DocketNumber: 80-1609
Citation Numbers: 645 F.2d 87, 2 Employee Benefits Cas. (BNA) 1259, 106 L.R.R.M. (BNA) 2984, 1981 U.S. App. LEXIS 14734
Judges: Coffin, Aldrich, Winter
Filed Date: 3/31/1981
Status: Precedential
Modified Date: 11/4/2024
645 F.2d 87
106 L.R.R.M. (BNA) 2984, 91 Lab.Cas. P 12,674,
2 Employee Benefits Ca 1259
NATIONAL LABOR RELATIONS BOARD, Petitioner,
v.
BORDEN, INC., Borden Chemical Division, Respondent.
No. 80-1609.
United States Court of Appeals,
First Circuit.
Heard Feb. 9, 1981.
Decided March 31, 1981.
Joseph A. Schwachter, Pittsburgh, Pa., Atty., with whom William A. Lubbers, General Counsel, John E. Higgins, Jr., Deputy General Counsel, Robert E. Allen, Acting Associate General Counsel, Elliott Moore, Deputy Associate General Counsel, and Paul J. Spielberg, Deputy Asst. General Counsel, Washington, D. C., were on brief, for petitioner.
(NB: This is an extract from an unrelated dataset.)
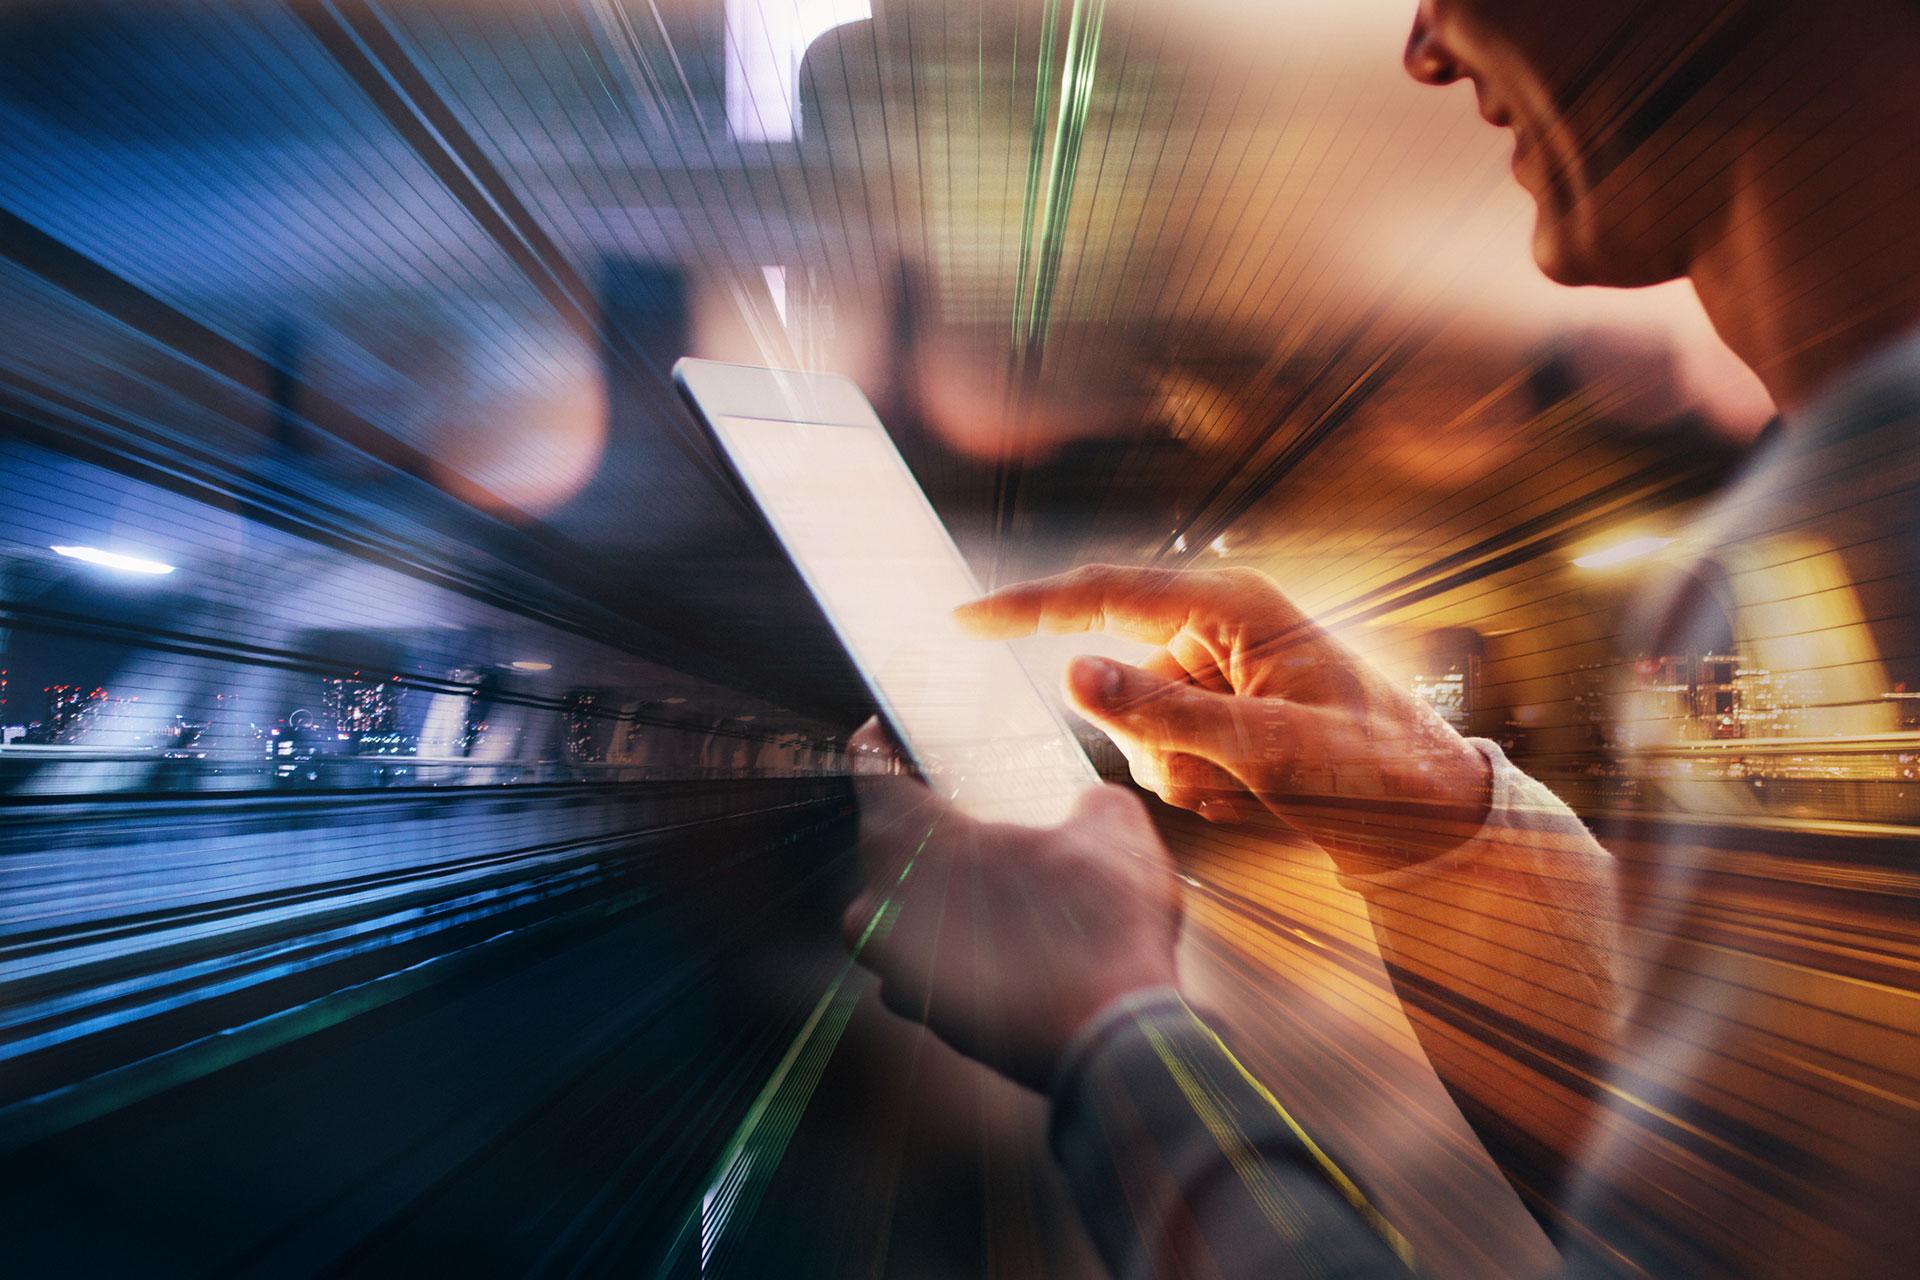 Birçok Ülkede Mobil İnternet, Wi-Fi Bağlantıdan Daha Hızlı

Robert P. Joy, Boston, Mass., with whom William F. Joy, and Morgan, Brown, Kearns & Joy, Boston, Mass., were on brief, for respondent.
Before COFFIN, Chief Judge, ALDRICH and WINTER,* Circuit Judges.
COFFIN, Chief Judge.
We previously remanded this case to the NLRB for decision as to whether respondent's failure to pay vacation benefits to strikers was an unfair labor practice. NLRB v. Borden, Inc., 600 F.2d 313 (1st Cir. 1979). We now decide that substantial evidence supports the Board's decision that it was.
The collective bargaining contract in general provided that workers had to take a "vacation" before they could collect vacation pay. See id. at 318-19. The workers in this suit informed management that they intended to vacation the first week in October 1976. A strike began on the first day of that month. On October 7, workers asked for their vacation pay. The company replied that it would not give vacation pay to employees on strike. On December 26, 1976, however, the company did pay accrued vacation compensation to the still-striking workers (with one exception not relevant here). See generally id. at 319.
The Board ruled that the delayed payment constituted an unfair labor practice. We remanded for the Board to assess respondent's justification for the delay under NLRB v. Eastern Smelting & Refining Corp., 598 F.2d 666, 671 (1st Cir. 1979). 600 F.2d at 320-21.
On remand respondent confined its evidence of legitimate business justification to the claim that its reasonable reliance on the terms of the collective bargaining agreement explained its behavior. It argued that strike participation could not constitute a "vacation". Since the workers had taken no qualifying "vacation", respondent concluded that its October 7 refusal to pay vacation benefits was justified by legitimate motivation.
The Board ruled that this logic did not explain the delay in payment. It added that respondent's argument that striking did not constitute "vacationing" was undercut by respondent's past indifference as to the nature of "vacations" so long as employees left work and thus did not claim double pay. The Board therefore reaffirmed its finding of an unfair labor practice.
Before us respondent offers no other explanations for its behavior apart from reliance on the terms of the collective bargaining agreement. It likewise does not demonstrate why contract reliance accounts for both its October 7 refusal to pay benefits as well as its December 26 decision to pay benefits. The late payment, made while the strike was still in progress, was explained on the ground that "the contractual vacation period" had expired. But this fact could not convert a "strike" into a "vacation" on respondent's theory. In oral argument respondent described this contradiction as a "difficulty" in its position. Since we agree with this assessment, we hold that the Board's rejection of this illogical justification was supported by substantial evidence.
Respondent further argues that the Board has not proved that respondent's action was improperly motivated as respondent asserts the Board must do when the employer advances a legitimate and substantial justification for its conduct. Because in this case the employer's response to the Board's initial showing of discrimination, see 600 F.2d at 320, does not prove a legitimate business justification, however, the Board is entitled to prevail on its initial showing. See id., Eastern Smelting, 598 F.2d at 670 & 671.
The petition for enforcement is granted.